Chapter 11

Thirty spokes converge in the hub
But the essence of the wheel is the emptiness of the hub.
The vessels are made of clay
But it is the inner emptiness that makes the essence of the vessel
The wall with windows and doors form a house
But it is their emptiness that makes its essence.
In general: the being serves as the useful means
The essence lies in non-being [in emptiness].

Various images are used to express the idea that the essence of the material and the sensible lies in the immaterial and the invisible, that the “fullness” is ordered to “emptiness”: a reference to the metaphysical plane (“emptiness”=transcendence) and a reference concordant with the nature of non-acting. The wheel with thirty spokes was that of an ancient sacred chariot.

In the esoteric interpretation typical to operative Taoism this chapter was also put in relation with the distillation of the subtle from the dense, the second being ordered to the first and having to be resolved in the first (in the yang soul) in the “solution of the form”.

For the ambivalence of the Tao, see the expression: “It is as heavy as a stone, as light as a feather.”

Chapter 12

The vision of colors blinds men’s eyes
The perception of sounds deafens the ears
The taste of flavors dulls the mouth
Identifying in action darkens the mind
Prurient desire destroys the possibility of motion (being tied to the desired object)
Therefore: the True Man
Does not lose the I in the not-I
He keeps out of the exterior, he consists in the interior.

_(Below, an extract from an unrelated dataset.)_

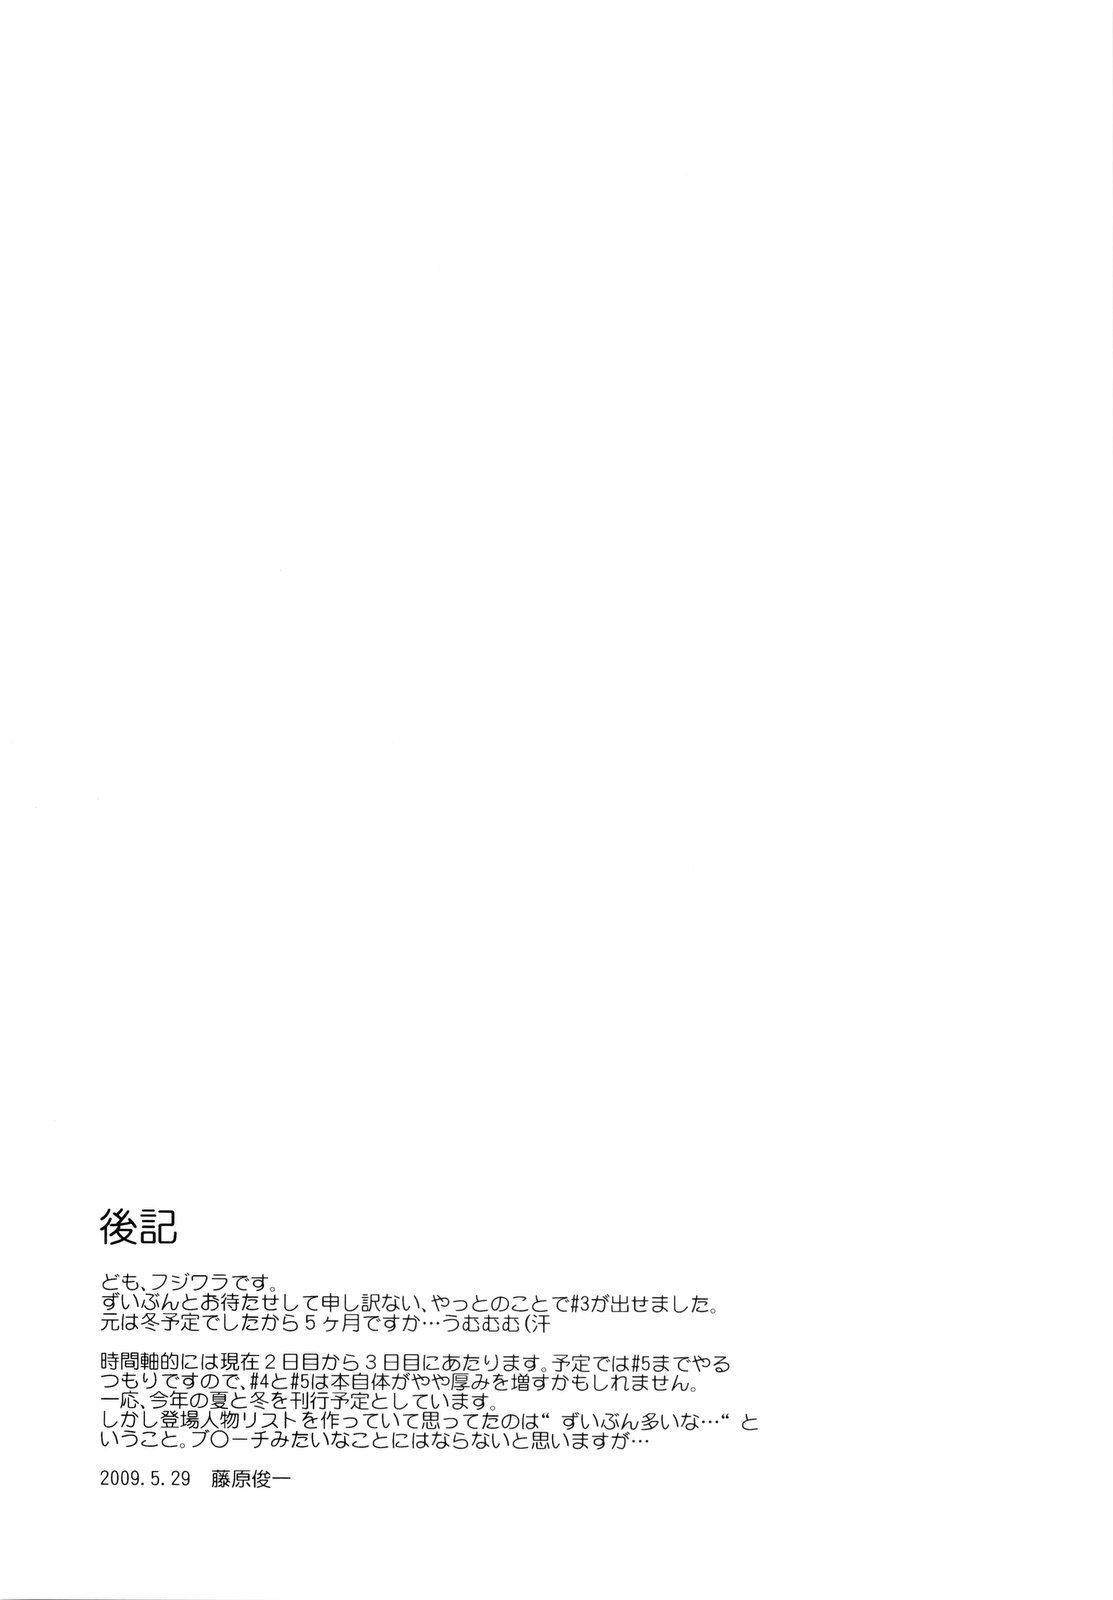 (ComiComi13) [Paranoia Cat (Fujiwara Shunichi)] Akogare no Hito -Himitsu no Isshuukan- #3 46
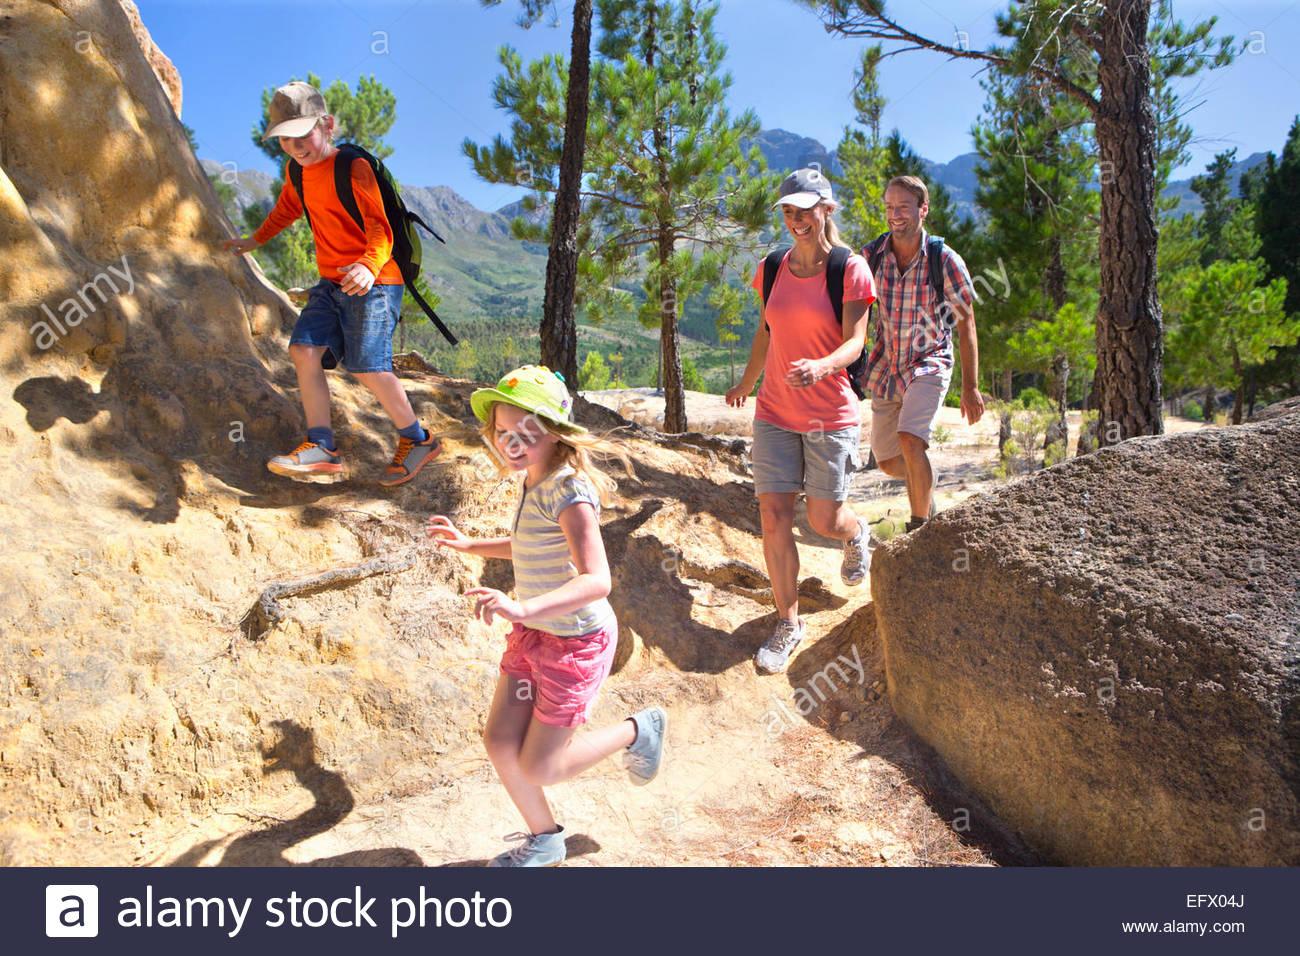 Famiglia escursioni sul sentiero di montagna Immagini Stock

Aphorisms with possible initiatic significance, in relation to the discipline of avoiding the duress of impressions of the external world (see, also, the “closing of the gate”) so that to develop a subtle sensibility (that, which in the first lines is said to be muffled or prevented) and to consolidate inner freedom, so that it is equivalent to a gradual movement of the center from the level of the p’o soul to that of the hun soul. It is indeed Taoist teaching that the natural use of the senses can be detrimental, when it is a question of protecting and preserving intact the “original simplicity” (p’u): the bursting of the multiplicity of sense appearances into the mind.

As an example of the distance, in the Chinese text, between the literal meaning of the characters and their abstract meaning: literally the penultimate line would sound more or less like this: “The True Man is for the belly and not for the eye”. If it is that the eye is considered as the gate through which the external world penetrates into the I, it alters it and transports it, muffling the inner senses, while the belly is taken as the “empty” part of the body, therefore, transposing (according to the ideas espoused in the preceding chapter), to symbols of the essential and transcendent part of the human being.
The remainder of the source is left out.